That was quite a lot of code, so I don't think I'll cover all of it, but lets start from the top:

• Add from __future__ import division – Just to make sure that your integer divisions doesn't produce a float here and there
• Comments are supposed to be """docstrings""" – You have seemingly good comments, but they should be docstrings on the first line after the function definitions instead of hash-comments in front
• Use list comprehension instead of map for trim_lines – List comprehension tends to be easier to read and maintain. Read accepted answer on Python List Comprehension vs. Map, and see code suggestion below:

def trim_lines2(texts):
"Remove leading and trailing whitespace from all lines."

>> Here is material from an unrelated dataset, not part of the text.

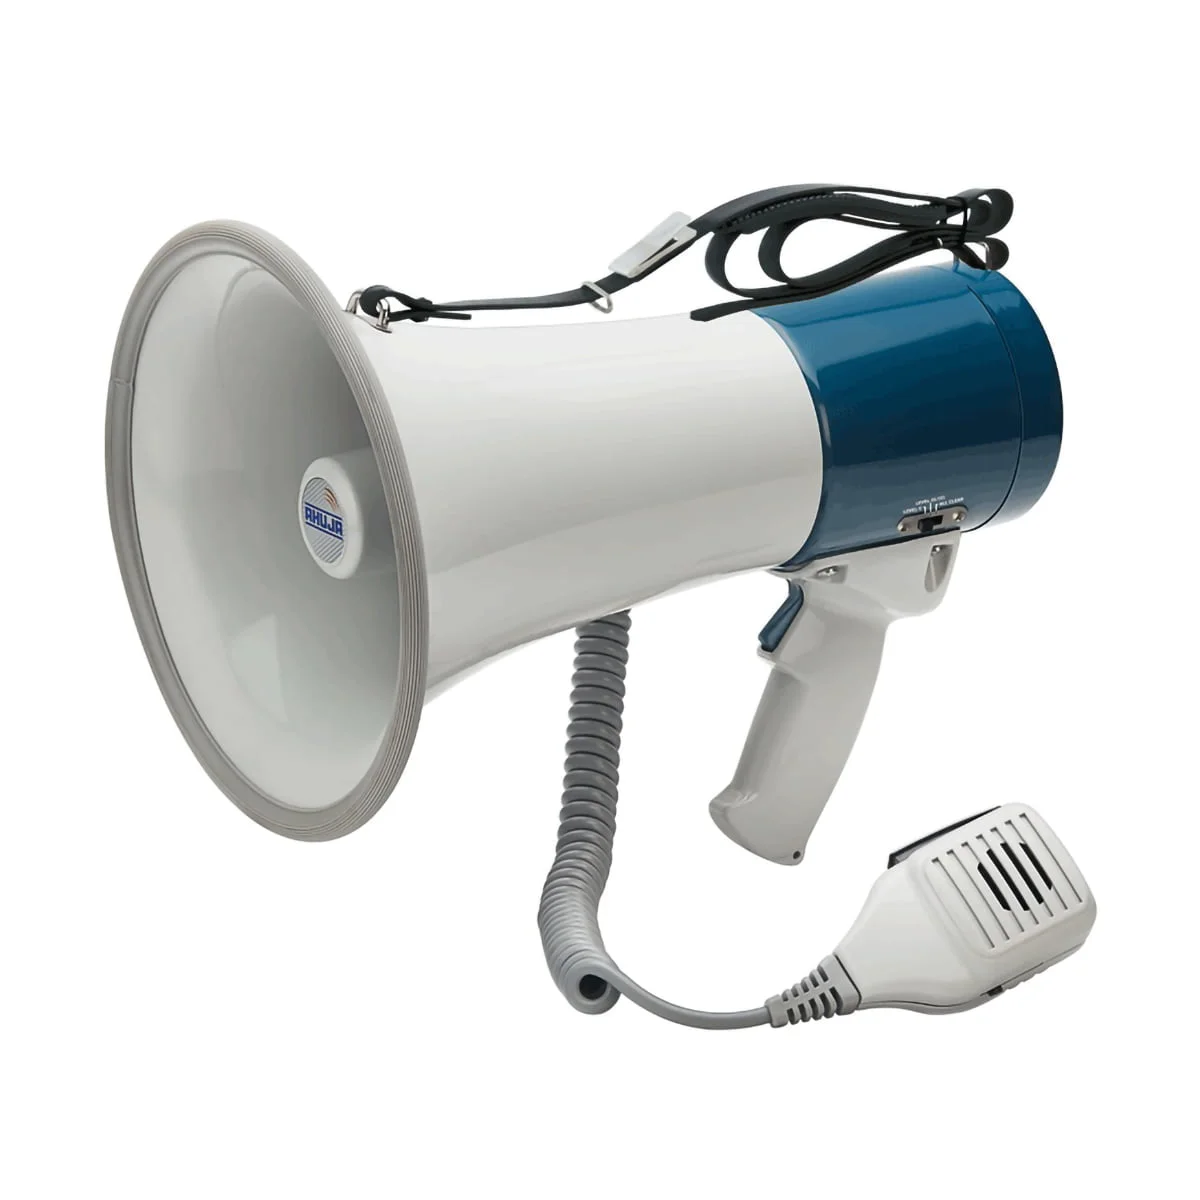 Ahuja AM-30SS Megaphone with Built-in three level siren

return [text.strip() for text in texts]

• _In arrayprint(): Simplify print calls, if possible – Even though only one line, it is really hard to read. Here are two variants, where I think I prefer the last one:

def arrayprint_v3(array, width):
row_length = len(array[0])
col_format = '{{:>{}}}'.format(width)
for row in array:
print((col_format*row_length).format(*row))

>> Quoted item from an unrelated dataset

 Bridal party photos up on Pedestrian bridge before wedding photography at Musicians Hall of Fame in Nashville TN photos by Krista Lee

def arrayprint_v3(array, width):
row_length = len(array[0])

for row in array:
print ''.join('{0:>{1}}'.format(col, width) for col in row)

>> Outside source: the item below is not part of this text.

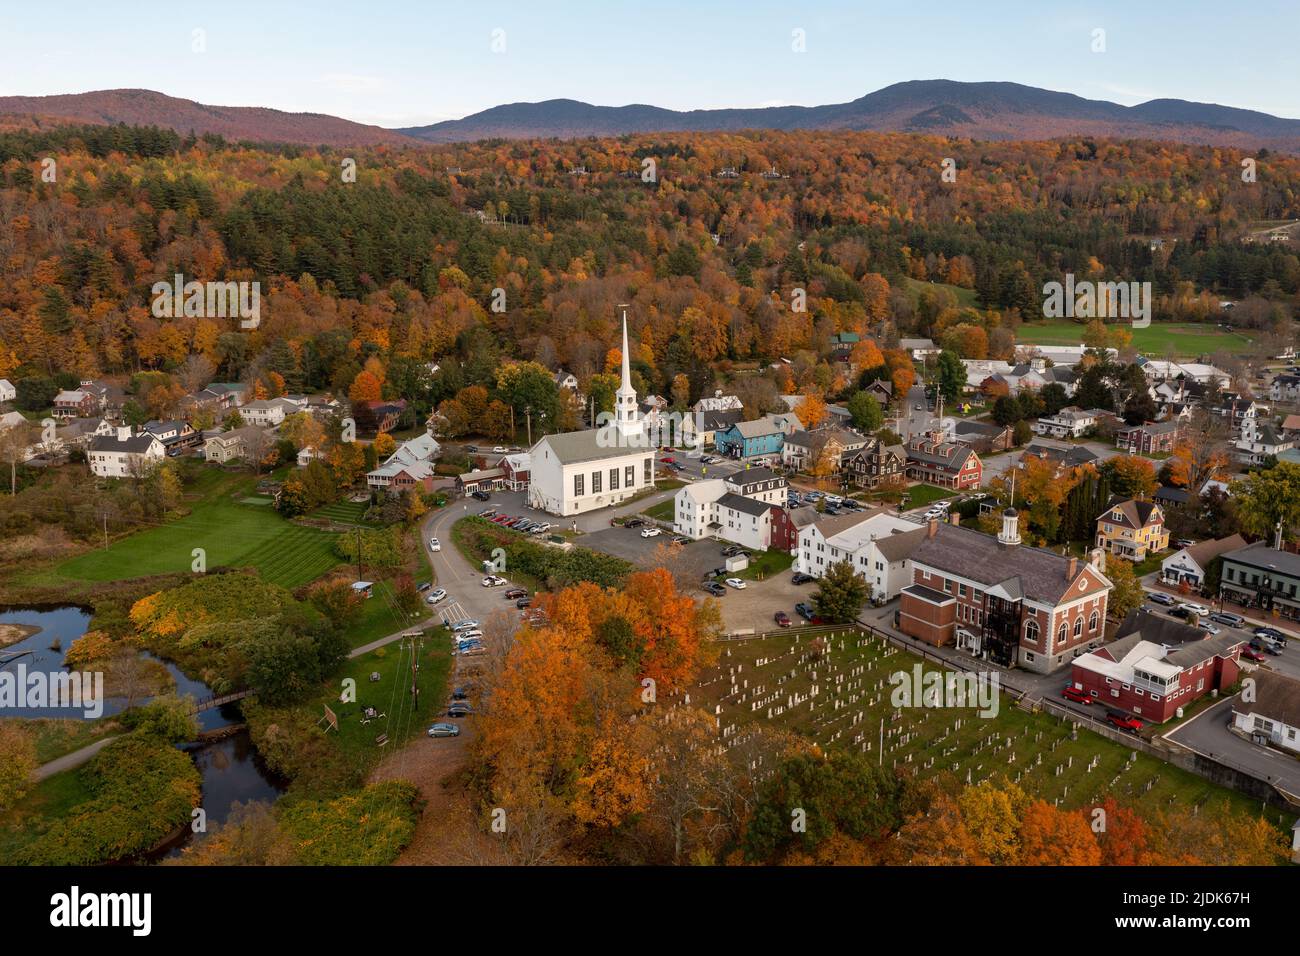 Stowe, Vermont - Oct 12, 2021: White Community Church in the famous ski town of Stowe in Vermont during the fall. Stock Photo

• Use with ... for reading files – See http://www.dotnetperls.com/file-python, which explains why it is better to use with ... instead of ordinary try...except when reading files

• What the duplicate in testall? – I'm not sure I understand what's happening in your testall as you seem to confuscate the original reduce(map(...)) with an extra lambda call?!? Can surely be more readable, and most likely a lot shorter... Shorter version all(map(predicate, list))
• Try out the divmod() function – Try the following on for size: div, mod = divmod(k-1, 3)
• Switch to a one-dimensional sudoku array, using index function – You have loads of double loops, and double indexing and inplace calculation to address a given sudoku field. This could be simplified greatly if you switch to a one-dimensional array, and having a function doing transforming from 2D to 1D. The logic is a little bit to confusing, so I might be wrong, but here is some code trying to illustrating simplifications which should be available:

# Replace
i = index / 3
j = index % 3
for k in xrange(0,3):
for l in xrange(0,3):
field[3*i+k][3*j+l] = combine(field[3*i+k][3*j+l],
newvals[3*k+l])
# with something like
for i in xrange(9):
field[index][i] = combine(field[index][i], newvals[i])

# optionally use some variatons over
i, j = divmod(index, 3)

def pos(x, y):
return 3*x + y

• You are overly fond of for i in xrange, followed by list indexing – Your code would look neater if either you used for row in rows, or even for i, row in enumerate(rows). Then you could access row directly, and if you need to cross reference you could use the i in the latter option. Also remember that xrange(0, 9) is the same as xrange(9)

• ... me is exhausted trying to get through the code ...

## Final note

Even though you have good variable names and function names, and some good vertical spacing (except not haveing two newlines before a function), your code is hard to read, and difficult to understand.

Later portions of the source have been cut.